Delivery Room Management

Delivery room management is an important part of caring for infants at risk for respiratory distress. The goal is to support the newborn’s transition from fetal to extrauterine life while recognizing signs of respiratory compromise as early as possible. This is especially important for premature infants, infants exposed to meconium-stained amniotic fluid, and infants with suspected congenital abnormalities such as congenital diaphragmatic hernia or congenital heart disease.

At birth, the newborn must clear fetal lung fluid, establish functional residual capacity, begin effective gas exchange, and reduce pulmonary vascular resistance. Clinicians assess the infant’s breathing effort, heart rate, color, tone, and response to stimulation. If the infant is breathing well with a stable heart rate, routine care may include warming, drying, positioning, clearing secretions only if needed, and continued observation.

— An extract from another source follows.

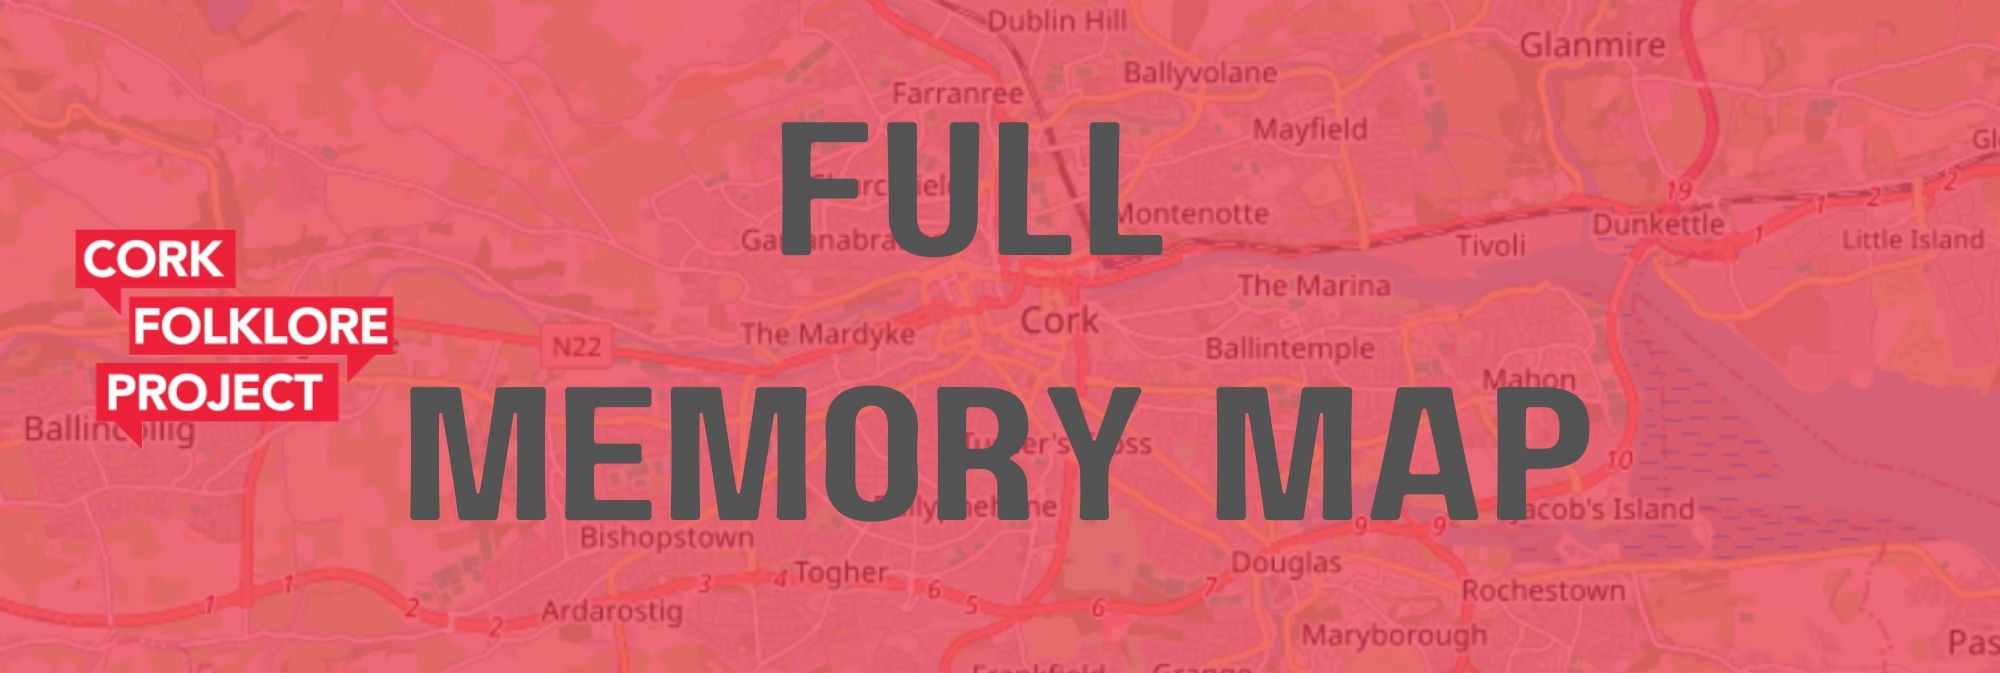 Cork Folklore Project Full Memory Map

If signs of respiratory distress are present, such as apnea, gasping, cyanosis, poor tone, bradycardia, or inadequate respiratory effort, intervention must begin quickly. Initial steps may include positioning the airway, providing gentle stimulation, and supporting ventilation. Positive-pressure ventilation may be required if the infant is apneic, gasping, or has a low heart rate despite initial measures. Oxygen should be titrated carefully based on the infant’s condition and oxygen saturation targets, especially in premature infants who are vulnerable to oxygen toxicity.

For premature infants at risk for respiratory distress syndrome, early respiratory support may include CPAP to help establish lung volume and prevent alveolar collapse. If respiratory distress is severe or persistent, endotracheal intubation and surfactant replacement therapy may be needed. The goal is to improve lung compliance and oxygenation while avoiding unnecessary high pressures that can contribute to barotrauma, volutrauma, and air leak syndromes.

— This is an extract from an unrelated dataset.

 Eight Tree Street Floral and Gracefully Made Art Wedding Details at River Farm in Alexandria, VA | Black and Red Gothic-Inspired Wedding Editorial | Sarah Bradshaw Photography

In infants born through meconium-stained amniotic fluid, management focuses on assessing whether the infant is vigorous and supporting ventilation when needed. Routine aggressive suctioning is no longer emphasized for vigorous infants. If the infant is not breathing effectively, priority should be placed on establishing ventilation rather than delaying care for unnecessary suctioning.

Some conditions require special delivery room planning. For example, if congenital diaphragmatic hernia is suspected, bag-mask ventilation is generally avoided because air can enter the stomach and intestines, worsening lung compression. These infants often require early endotracheal intubation and gastric decompression with an orogastric or nasogastric tube.

Note: Respiratory therapists play an important role in delivery room management by assisting with airway positioning, oxygen delivery, CPAP, positive-pressure ventilation, intubation support, surfactant administration, and monitoring the infant’s response. Careful assessment and timely intervention can help stabilize the newborn, reduce complications, and improve outcomes during the first critical minutes of life.

Respiratory Care Priorities

The management of infant respiratory disorders depends on the underlying condition, but several priorities apply across many disorders.

• Oxygenation and ventilation must be supported while avoiding unnecessary injury. Oxygen should be titrated carefully because both hypoxemia and excessive oxygen exposure can be harmful, especially in premature infants.
• Lung volume should be maintained when alveolar collapse is a problem. CPAP and PEEP can help stabilize alveoli in conditions such as RDS, TTN, and some cases of BPD.
• Ventilation should be adjusted based on lung mechanics. Stiff, low-compliance lungs may require strategies that improve recruitment without excessive pressures. Obstructive diseases, such as meconium aspiration with air trapping, require adequate expiratory time to prevent auto-PEEP.
• The underlying cause should be treated. Surfactant deficiency may require surfactant therapy. Infection requires antibiotics. Pulmonary hypertension may require inhaled nitric oxide and hemodynamic support. Air leaks may require decompression. Upper-airway obstruction requires airway-focused management.
• Clinicians must prevent complications of treatment. Mechanical ventilation can cause barotrauma, volutrauma, atelectrauma, oxygen toxicity, air leaks, airway injury, infection, and chronic lung disease.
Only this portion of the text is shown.